Clinical classification of hereditary sequence variants identified in disease-associated genes directly affects clinical management of affected individuals and their relatives. Addressing this need in the Analysis on page 107, the International Society for Gastrointestinal Hereditary Tumours (InSiGHT) has applied expert curation to thousands of different mutations found in families affected by colon cancer all over the world, adding up the evidence for variants conferring inherited risk of cancer, identifying types of mutations that obviously impair the genome's ability to repair its DNA sequence and separating these variants from harmless common variants that confer no risk of cancer above that present in individuals without family-specific mutations. Individuals carrying rare 'spell-checking' mutations in mismatch-repair genes have a substantially increased risk of colorectal and endometrial cancer as well as a range of other cancers. However, once such a mutation causing Lynch syndrome has been detected in a family, intensive management of carrier individuals reduces their mortality.
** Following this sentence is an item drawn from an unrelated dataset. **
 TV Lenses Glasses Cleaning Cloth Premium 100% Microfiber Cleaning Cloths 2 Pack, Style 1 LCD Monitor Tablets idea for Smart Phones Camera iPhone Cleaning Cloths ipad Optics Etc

Expert review of the evidence for colon cancer risk conferred by constitutional variants in MLH1, MSH2, MSH6 and PMS2 has now resulted in the reclassification of two-thirds of the variants reported in existing databases and has led to clinical recommendations for the interpretation of 1,370 variants that do not result in obvious protein truncation. This kind of individual scrutiny of the evidence within an explicit framework for likelihood-based decision-making is by its nature painstaking, as mutations in different genes have different penetrance and the number of individuals in each family identified with the disease and with mutations varies for each report. Accordingly, precise attribution has been systematically credited to the participating laboratories reporting individual variants, published or unpublished, as an incentive to continue the collection, curation and stewardship of this clinically valuable data set.

In the absence of unequivocal support from segregation analysis, many variants still cannot currently be classified, for example, large duplications, most synonymous and some missense mutations, intronic variants and most variants in promoter and enhancer elements. Interpretation of variants in terms of their disruption of protein-coding sequence may also be misleading, as these variants may also be associated with transcription factor binding sites overlapping the coding regions of exons (Science 342, 1367–1372, 2013) or microRNA target sites, or they may have effects on RNA splicing or stability.
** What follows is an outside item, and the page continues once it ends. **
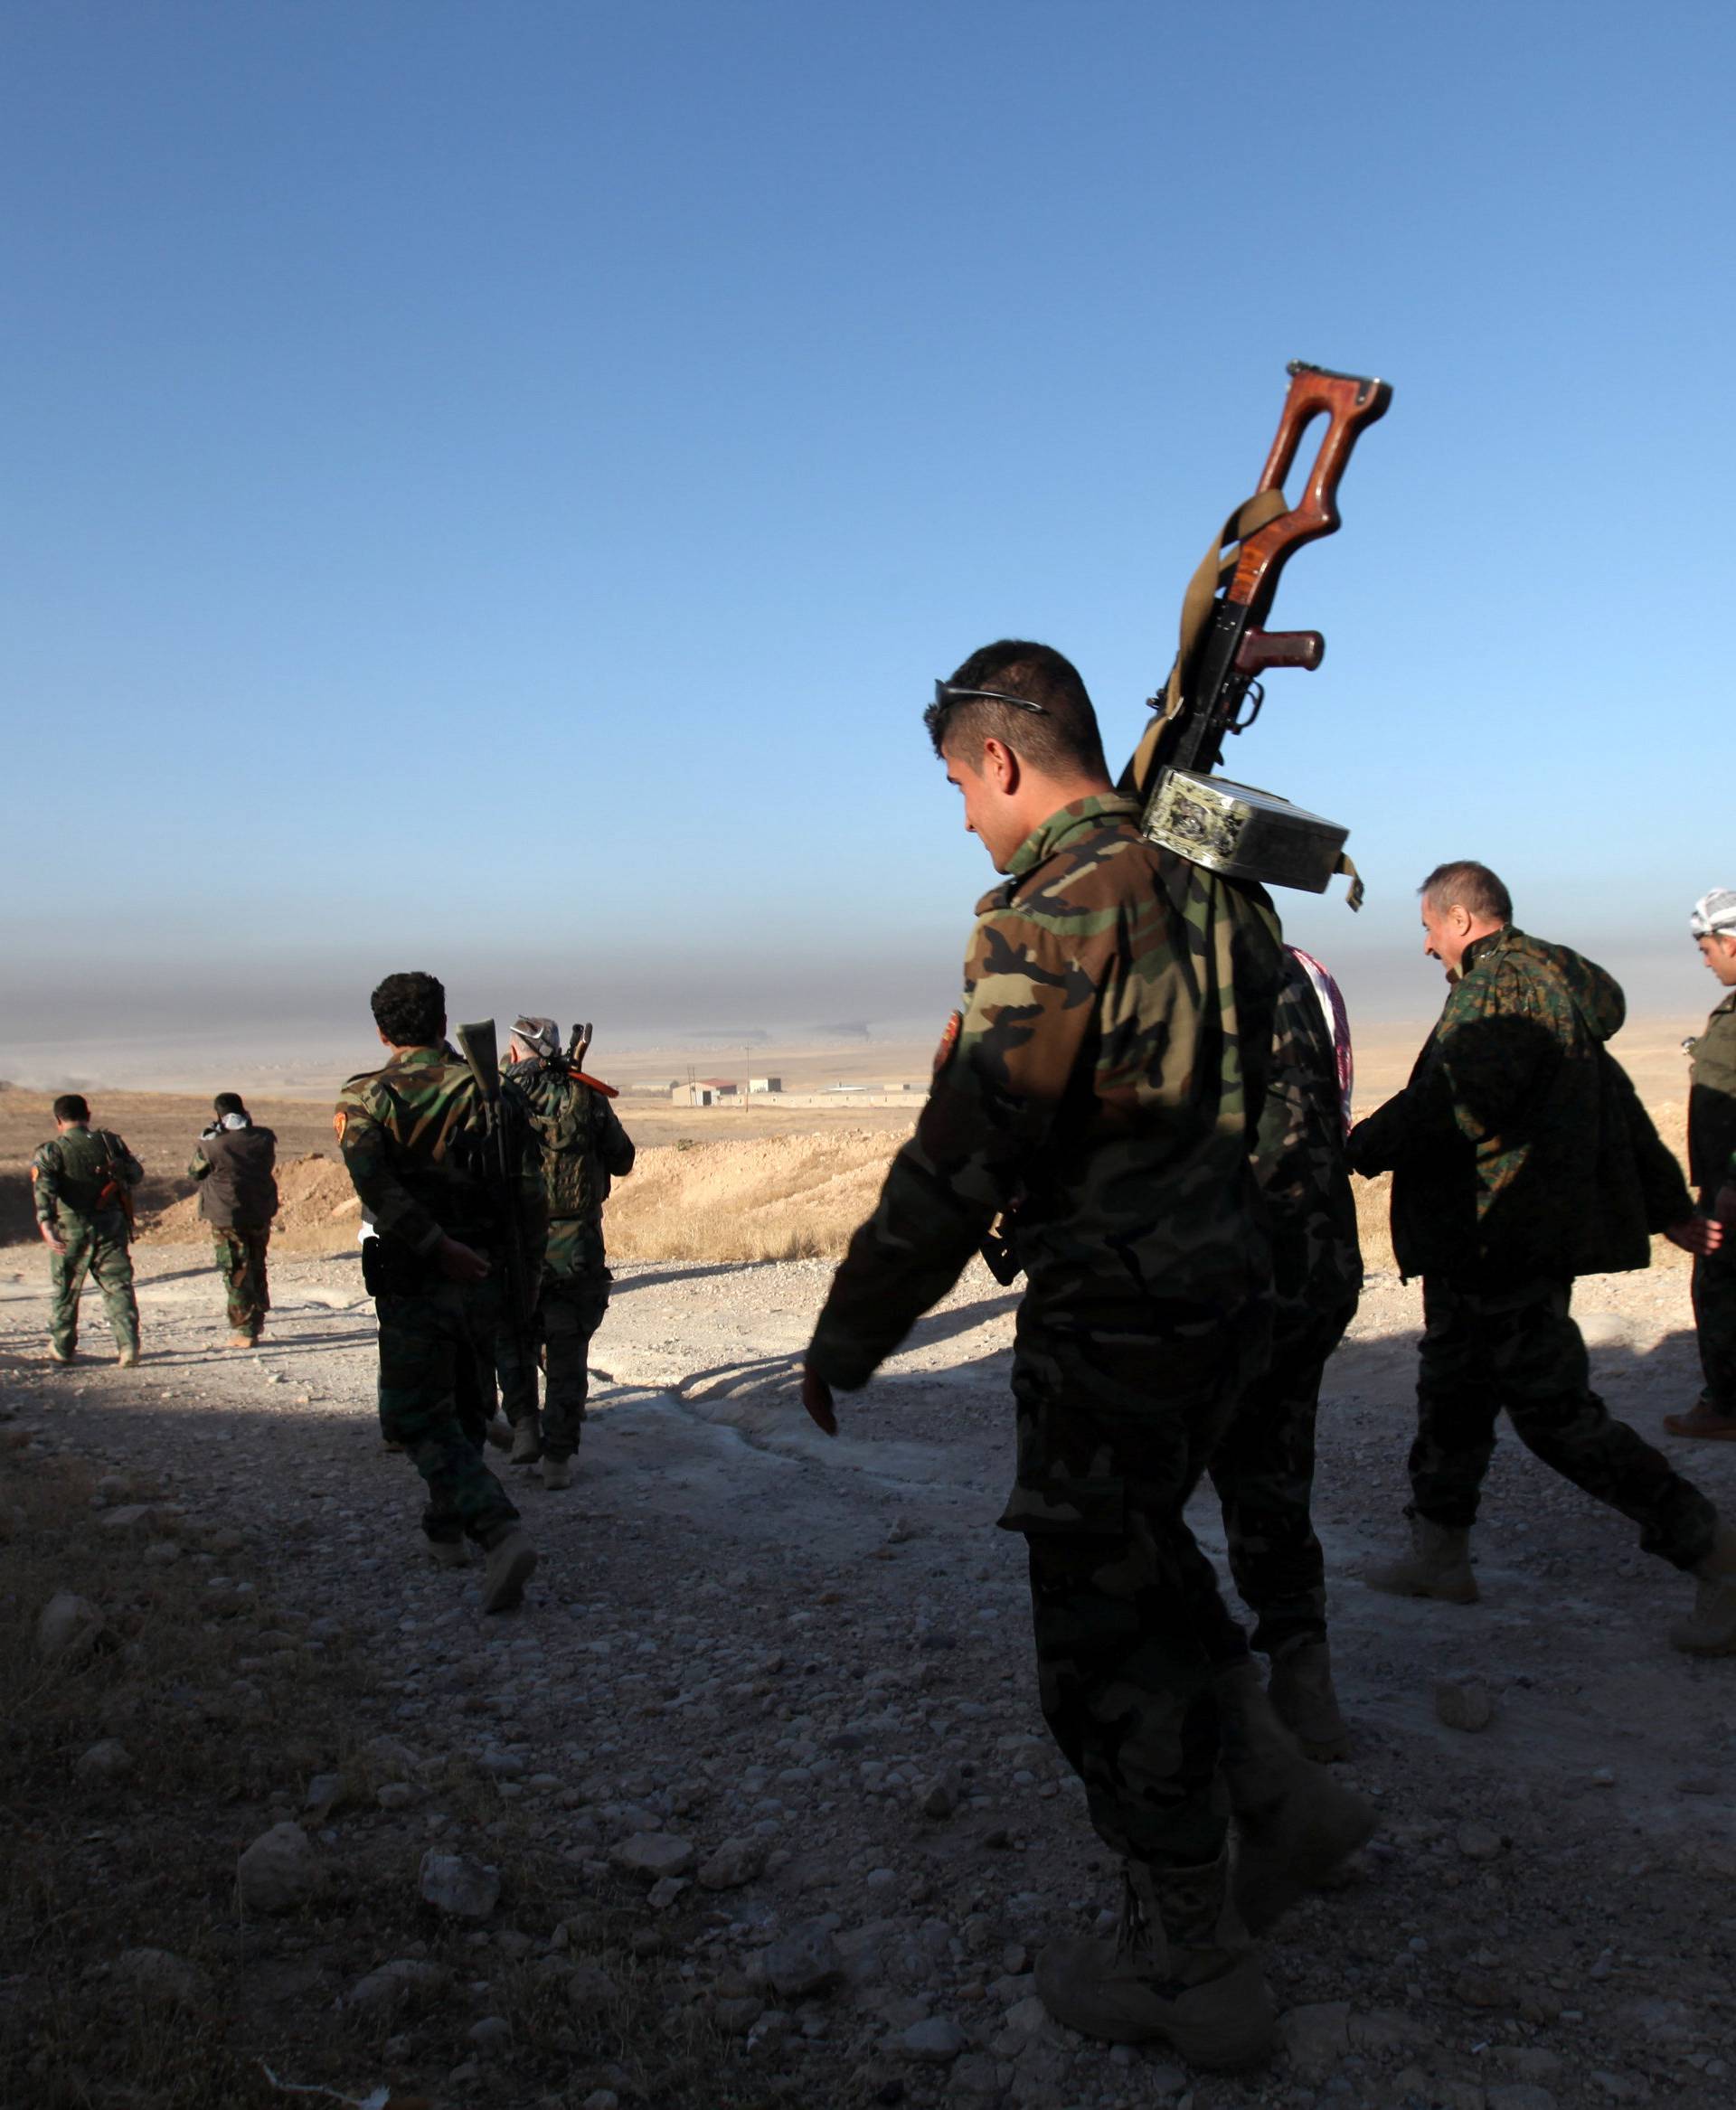 Peshmerga forces walk in the east of Mosul during operation to attack Islamic State militants in Mosul

In an earlier study this year (Nat. Genet. 45, 1160–1167, 2013), CFTR variants were systematically assessed for the phenotypes of cystic fibrosis and sweat chloride concentration, and a set of missense variants was examined in transgenic cells in tissue culture for effect on protein localization and chloride channel function. In addition, the genetic architecture and biology of cystic fibrosis enabled the reassignment of a number of candidate missense variants as nonpathogenic when found in trans with the common CFTR allele encoding p.Phe508del in fathers, as a man without a functional CFTR allele would be sterile, lacking vas deferens development. Although this finding depends upon the particular gene mutations and their biological consequences, the concept of a genetic test for normal alleles is a powerful one.
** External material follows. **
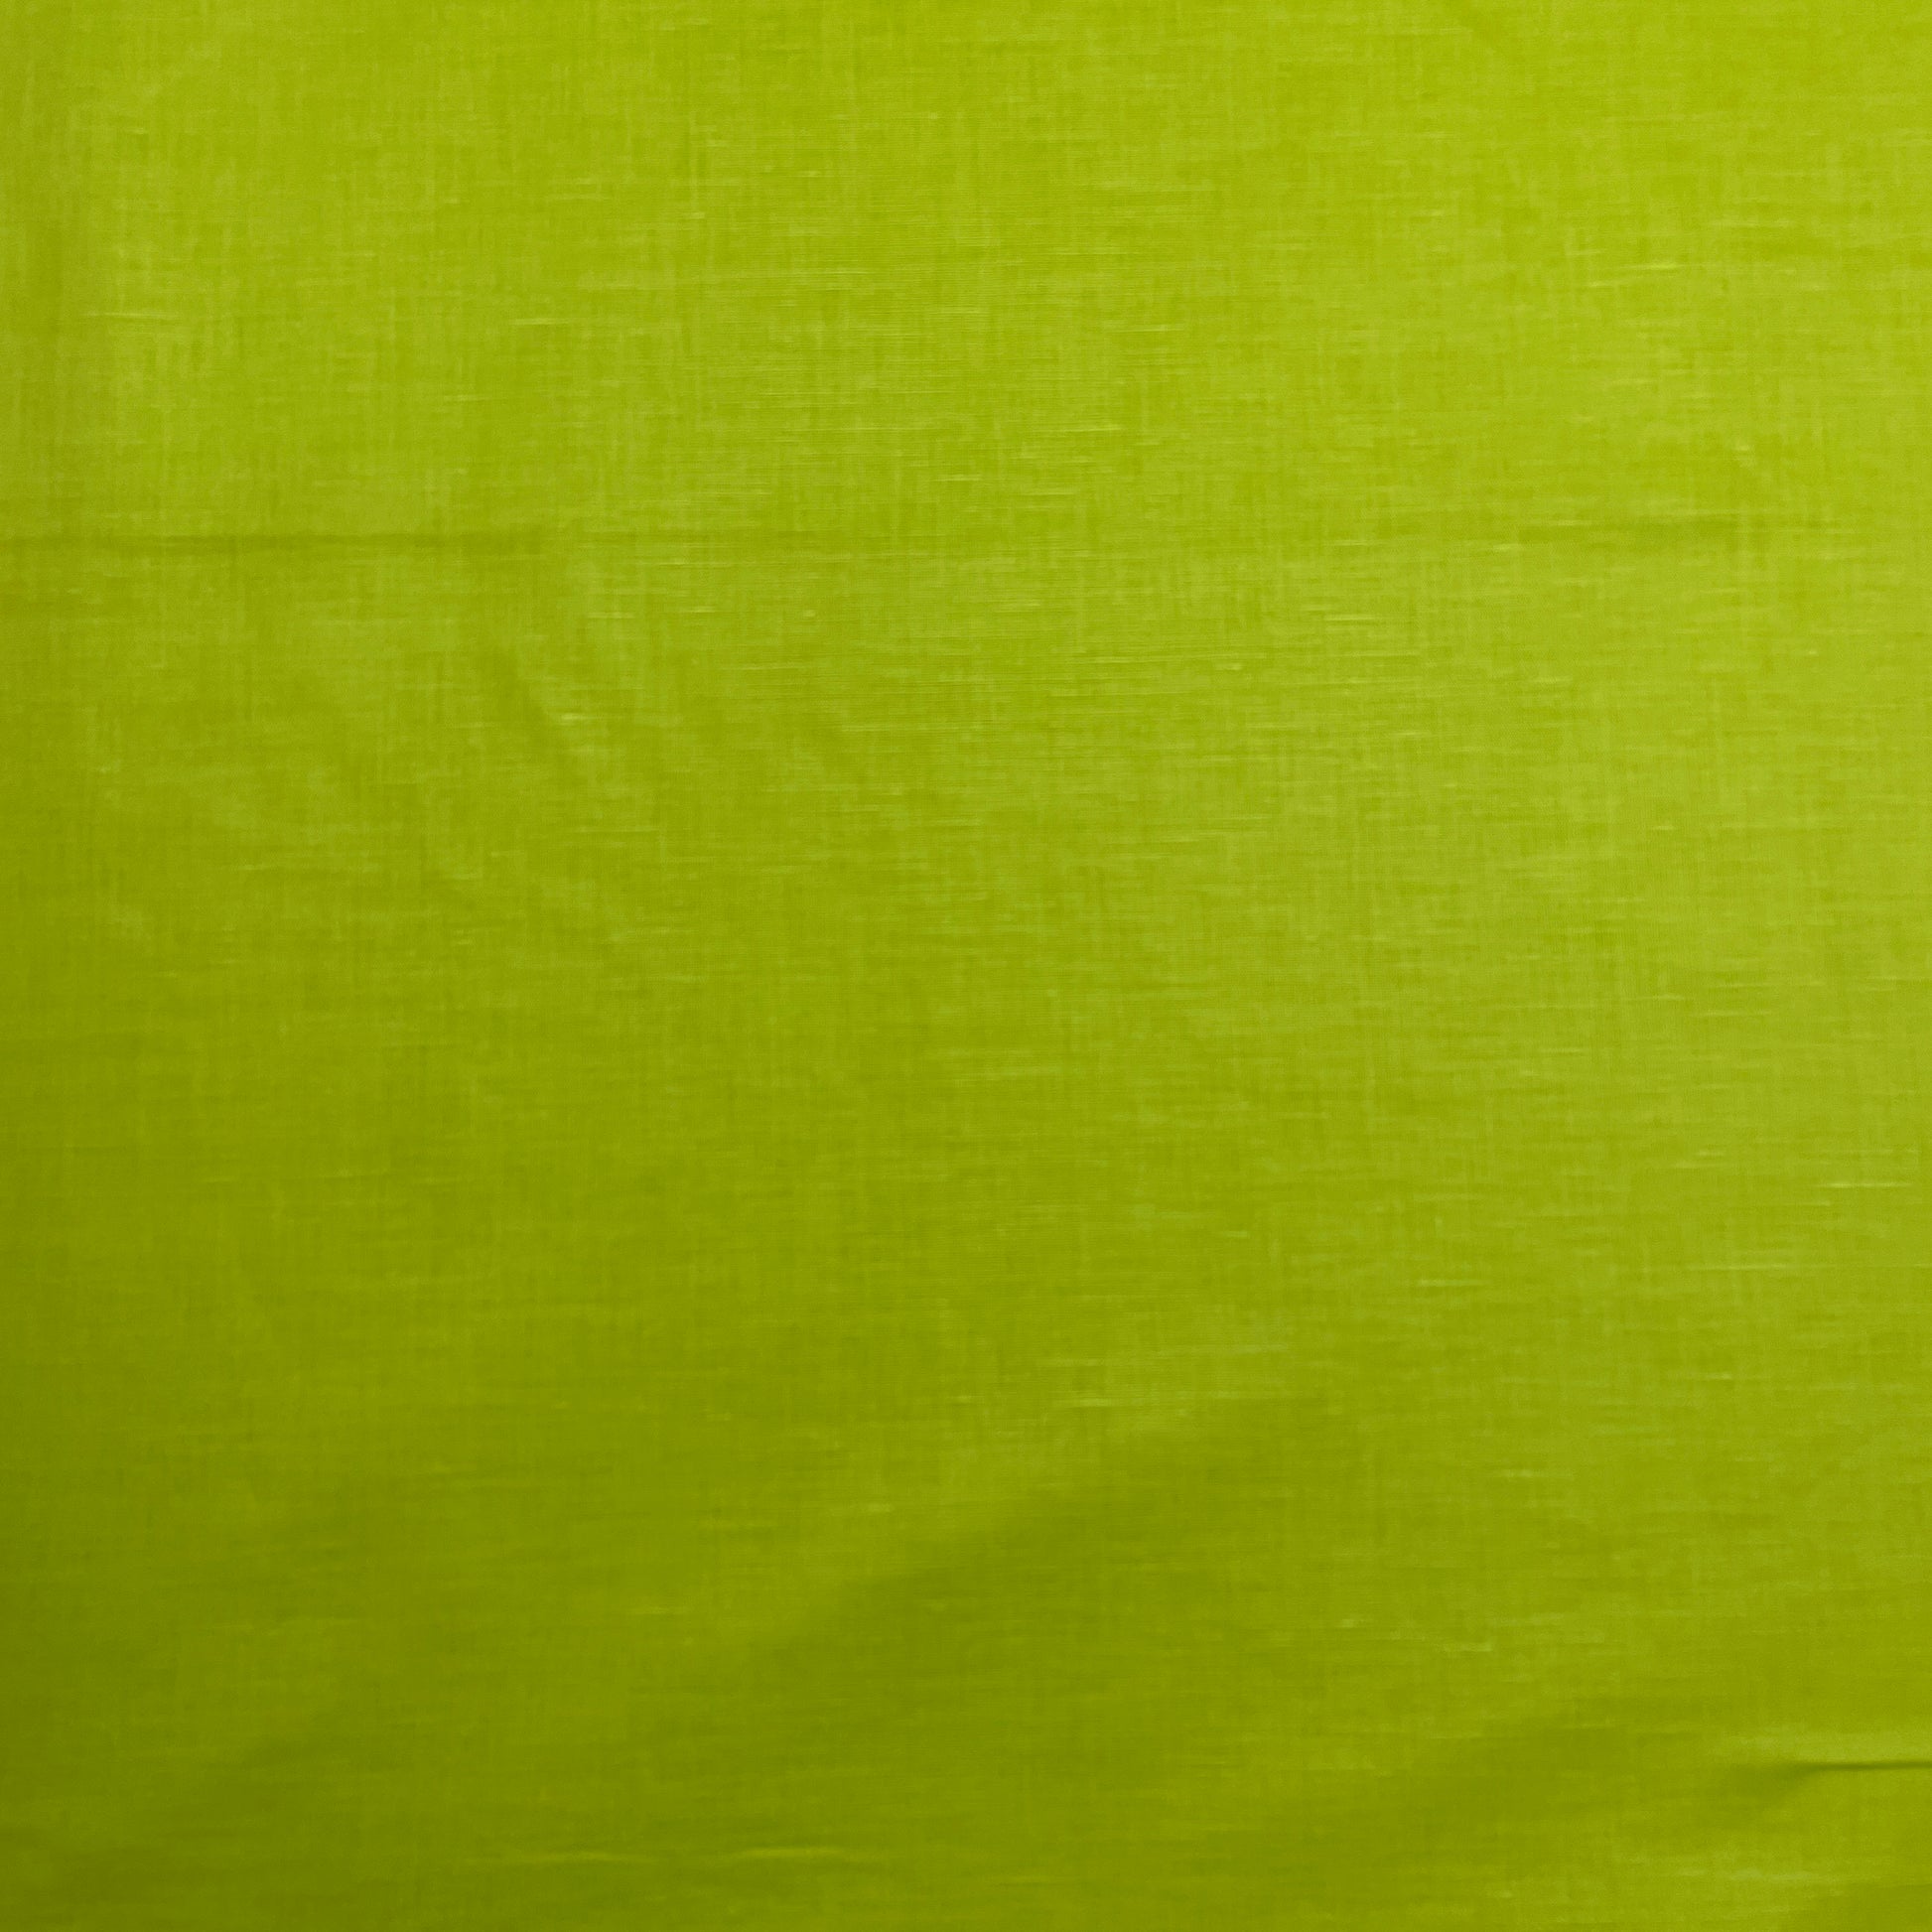 Lime Green Solid Cotton Linen Fabric - TradeUNO

These studies are models for turning genome sequence into medically actionable information via review by an expert community. The statistical model for assessment is extendable to other genetic disorders with and without explicit modeling of the protein functions encoded by the affected genes. The difficulty encountered in these studies adapting variant calls for clinical decision-making suggests that, in addition to research aimed at the discovery of new disease genes, we also need more discussion of systematic ways to assess the variety of variants that can now be found by genomic sequencing.